Australian military cyber warriors authorised to target offshore criminals – ZDNet

The federal government has announced its intention to launch an offensive cyber capability to fight cyber criminals and thwart attacks against Australia.

Anticipating cybercrime to cost the Australian economy at least AU$1 billion per year, Prime Minister Malcolm Turnbull has directed the Australian Signals Directorate (ASD) to use its offensive cyber capabilities to "disrupt, degrade, deny, and deter" organised offshore cyber criminals.

By using the intelligence agency's cyber capability, which Turnbull said is currently used to help target, disrupt, and defeat terrorist organisations such as Daesh, Australia is expected to have a stronger arsenal to prevent and shut-down safe-havens for offshore cyber criminals.

"The recent WannaCry and Petya ransomware attacks have affected governments, businesses, and individuals around the world," Turnbull said on Friday.

"Cyber criminals continue to adapt and evolve their methods and tactics, increasingly employing new methods to gain access to a victim and extort funds. As their level of sophistication has improved, cyber criminals are increasingly targeting businesses directly.

"Our response to criminal cyber threats should not just be defensive. We must take the fight to the criminals."

It is expected the ASD will be tasked with defending Australian military targets from cyber attacks and preparing to launch its own assaults on foreign forces, and that it will comprise of specialists staff with a mixture of defence personnel and public service employees, the ABC reported.

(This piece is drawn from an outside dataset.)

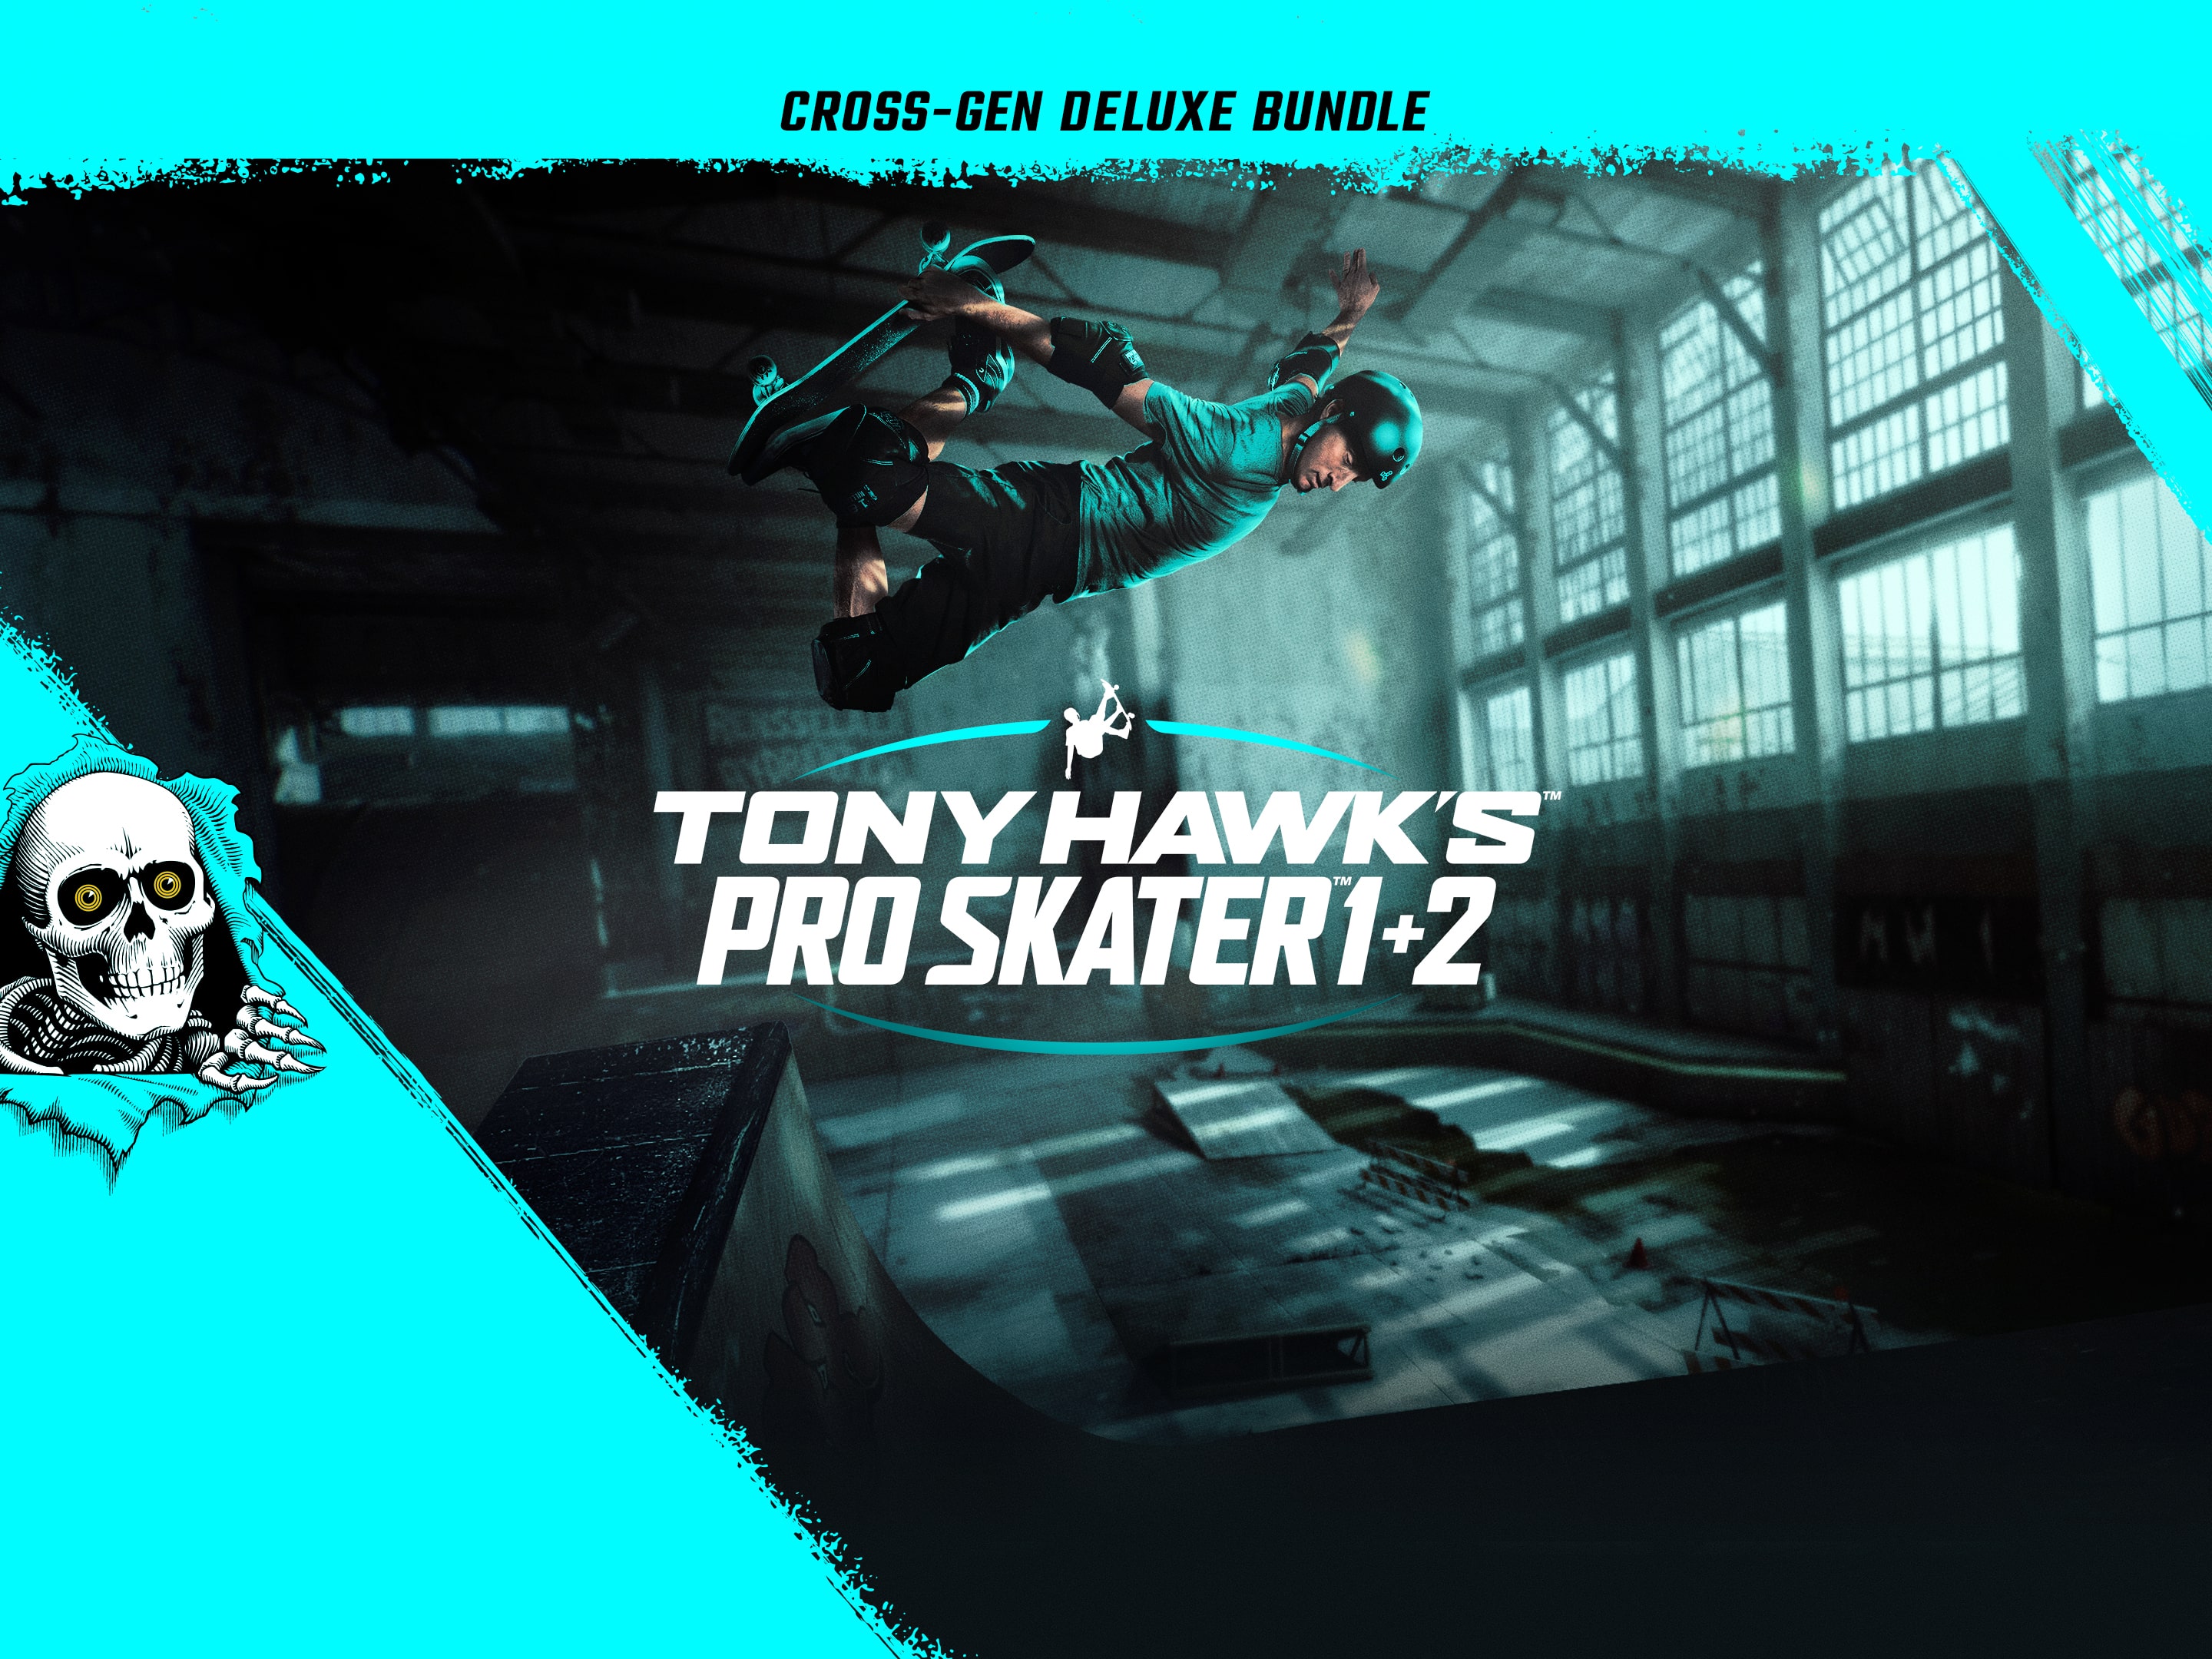 Tony Hawk's Pro Skater 1 and 2

"We are using the offensive cyber capabilities against terrorists, and what we are announcing today is that this now will also be used against cyber criminal networks operating offshore," Australian Minister Assisting the Prime Minister for Cyber Security Dan Tehan said on Friday.

"We have to make sure that we are keeping the mums and dads, the small businesses, large businesses, government departments and agencies secure, and that is why we've made this direction to the ASD."

Addressing the National Press Club in November, Tehan warned of the devastation a "cyberstorm" could have.

"All of us must be on notice -- it is not a case of if but when government, businesses, or individuals will be hit," he said.

"When it comes to cybersecurity, being prepared isn't just having a wall that will block and protect from attacks. Instead, being prepared means minimising risk and having the ability to recover, to remediate, and to respond.

"No police force can guarantee that they will eradicate crime completely. But we can make it a lot harder if the windows aren't open, the doors are locked, and there is a strong cop on the beat."

Turnbull launched the country's AU$240 million cybersecurity strategy in April last year, which is aimed at defending the nation's cyber networks from organised criminals and state-sponsored attackers, and sits alongside the AU$400 million provided in the Defence White Paper for cyber activities.

Since its inception at the end of 2014, there have been over 114,000 reports of cybercrime registered with the Australian Cybercrime Online Reporting Network (ACORN), and, according to Turnbull, 23,700 incidents have been reported over the last six months.

"The government will target criminals wherever they seek to hurt Australian citizens but every Australian has a role to play in ensuring our cybersecurity," the prime minister added. "We must work together to share threat information and learn from each other about the online threats that seek to do us harm."

Also announced on Friday was the transition of the Australian Internet Security Initiative (AISI) from the Australian Communications and Media Authority (ACMA) to the Computer Emergency Response Team (CERT) Australia, which sits within the Attorney-General's Department.

The move comes in response to a recommendation made last month by the Department of Communications after it probed the functions under the ACMA.

The transition will take effect on Saturday, with the ACMA noting it has been working closely with the CERT for a number of months on transferring select cybersecurity functions over.